Il film tratta di tanti argomenti storici, politici e sociali e ci si potrebbe scrivere un libro. Anzi, il regista Tim Robbins ha cercato di spiegare meglio il proprio lavoro con la pubblicazione della sceneggiatura con vari saggi e foto del complesso periodo degli anni ’30. Mi limito a scrivere di ciò che maggiormente mi riguarda in ambito artistico e vale riportare un dialogo che avviene tra il magnate dell’acciaio Mathers (Philip Baker Hall), che è un personaggio inventato, Nelson Rockefeller (John Cusack) e William Randolph Hearst, il famoso editore - imprenditore dal patrimonio smisurato, preso come modello del protagonista di "Citizen Kane", il capolavoro cinematografico di Orson Welles (1941). E’ un dialogo tra ricchi, non politici, sono loro a decidere:

 

M. Nelson finanzierà la nuova corrente artistica, una mostra itinerante attraverso l'Europa che mette in luce gli artisti americani: niente politica.

R. Esatto, pittura astratta, forme e colori, niente politica.

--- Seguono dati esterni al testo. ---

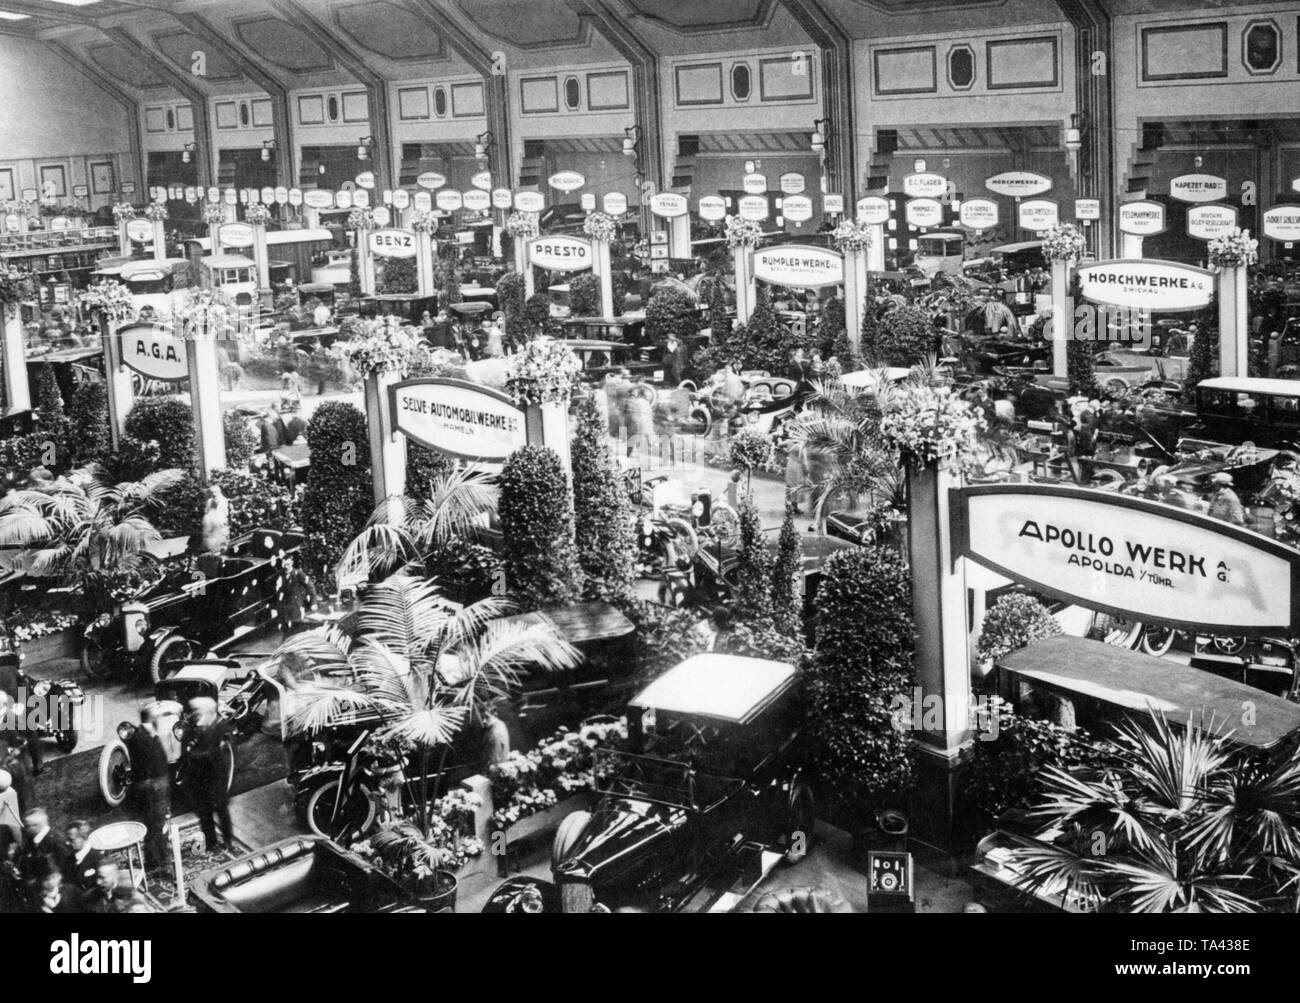 The exhibition hall of the first German Motor Show in 1921, that was attended by all the major German car manufacturers. Stock Photo
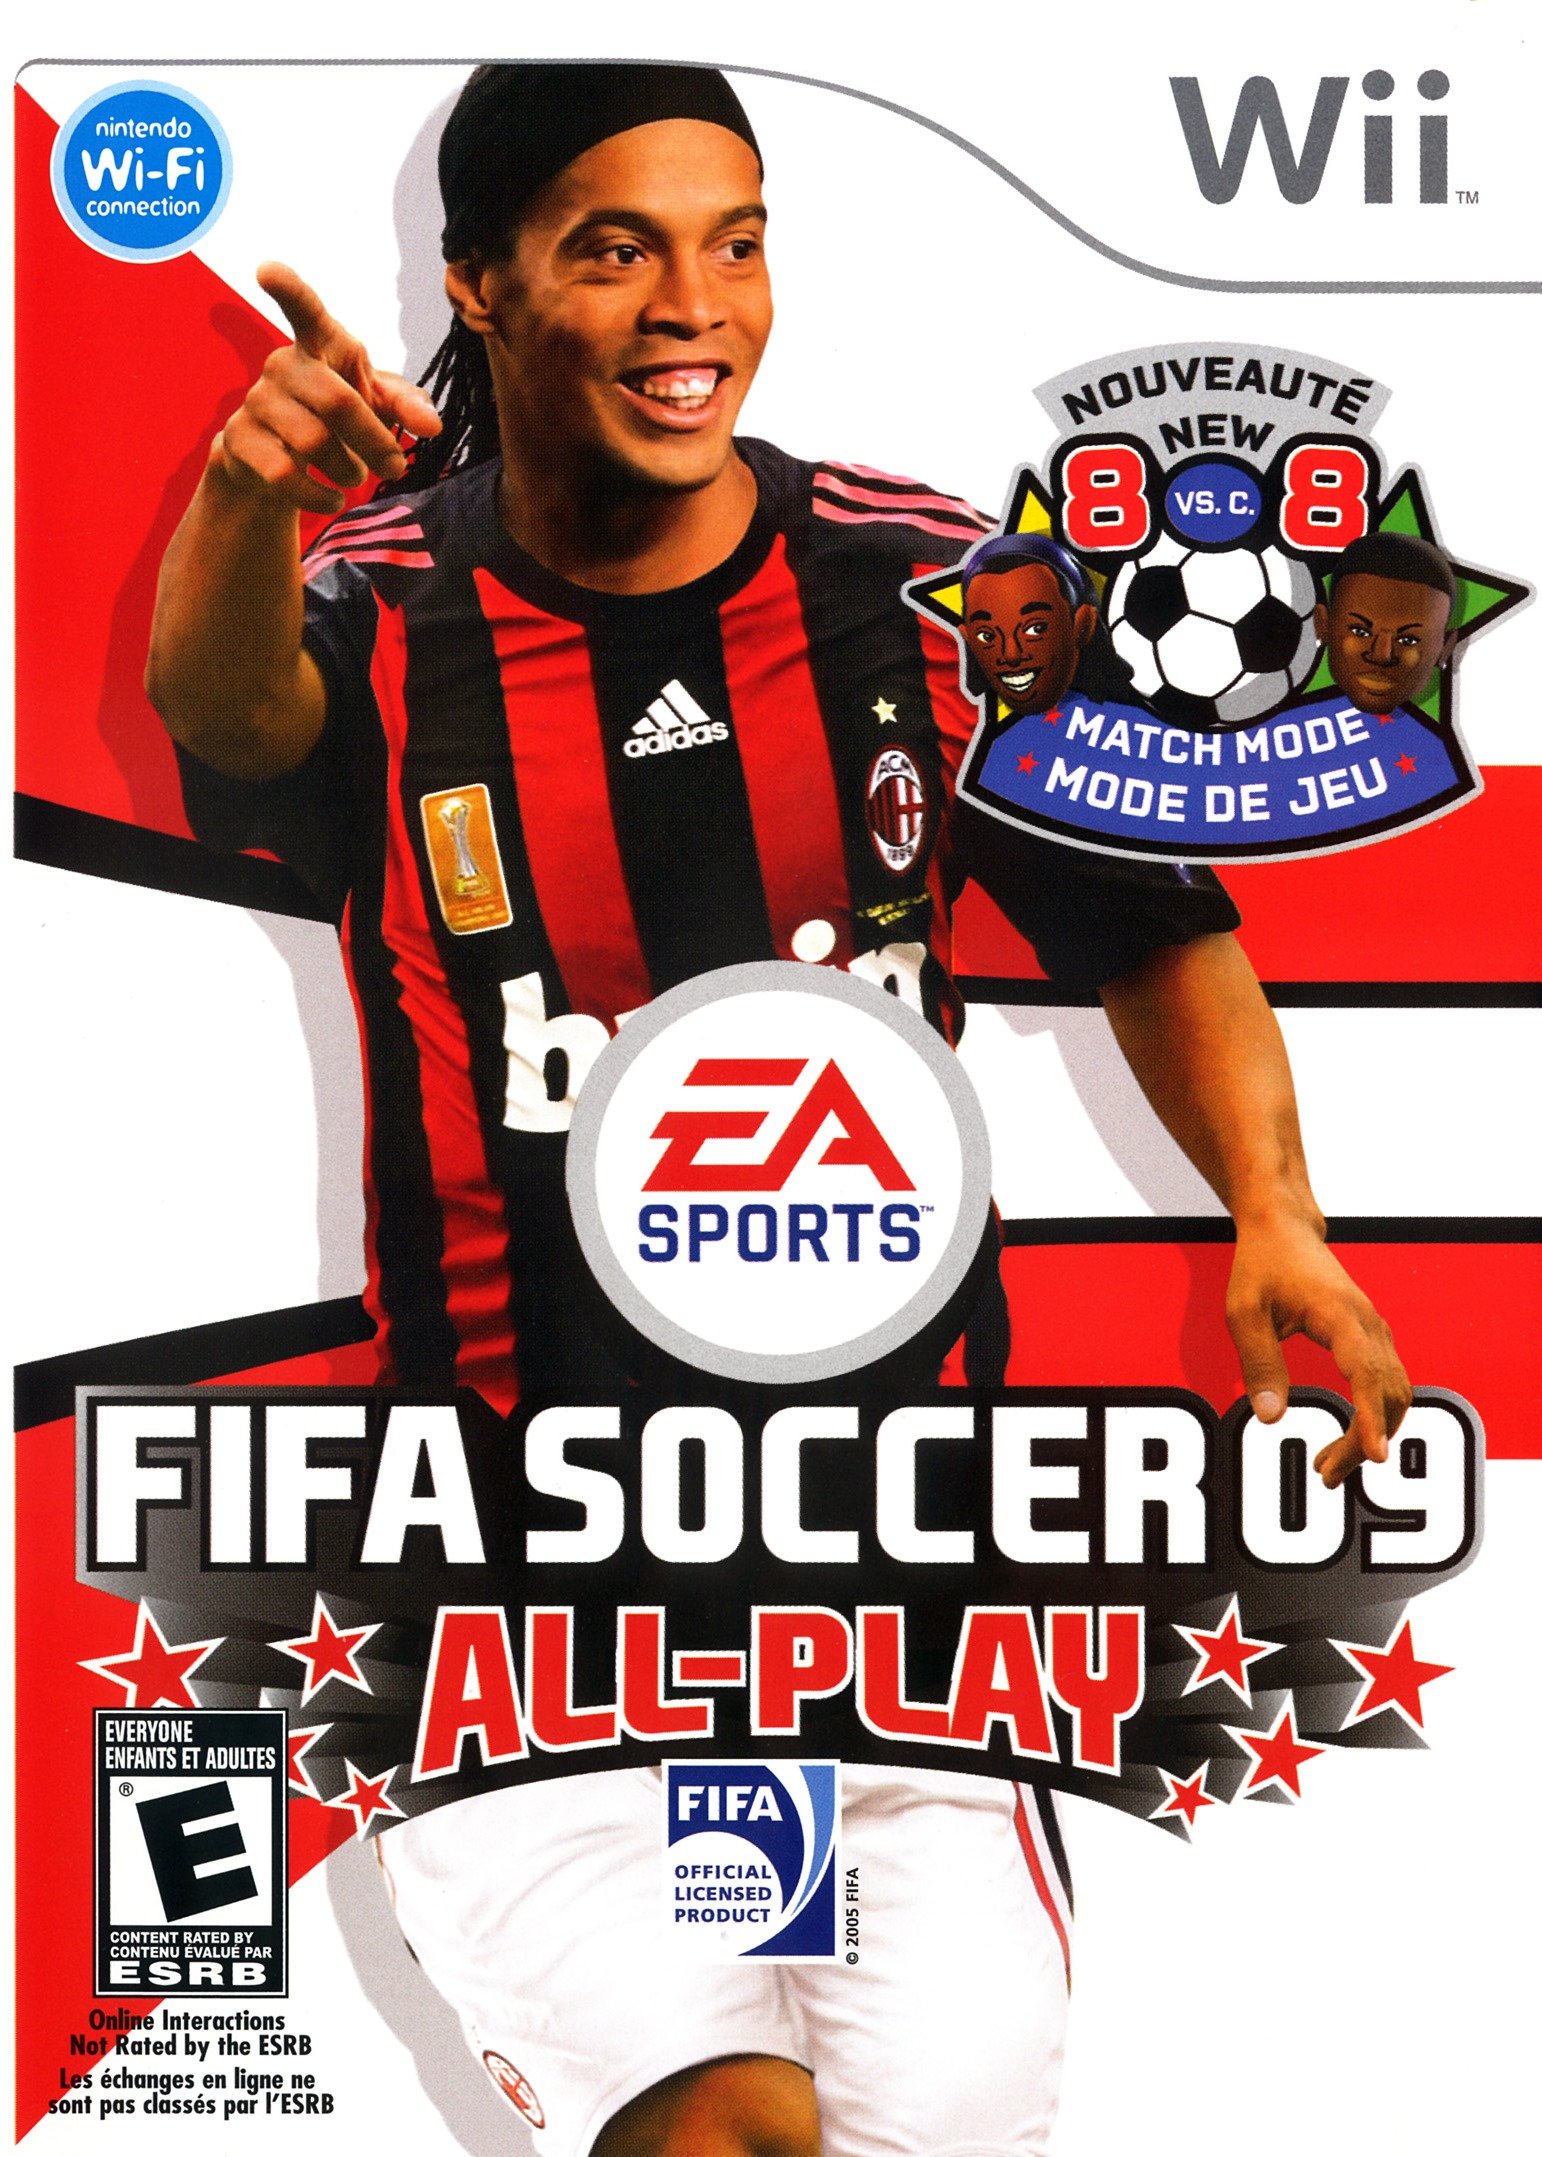 Image of FIFA Soccer 09 All-Play

H. E i miei giornali la saluteranno come una novità folgorante. Santificheremo gli artisti, li faremo diventare ricchi e di lì a poco tutti gli artisti seguiranno le nuove tendenze.

M. Tu credi? C'è qualcosa negli artisti che li rende sempre attenti al sociale.

R. Questo è vero...

H. Beh... nessuno li pagherà, in questo caso.

R. Non circoleranno, non avranno influenza.

M. E per non morire di fame si adatteranno, sopravvivenza!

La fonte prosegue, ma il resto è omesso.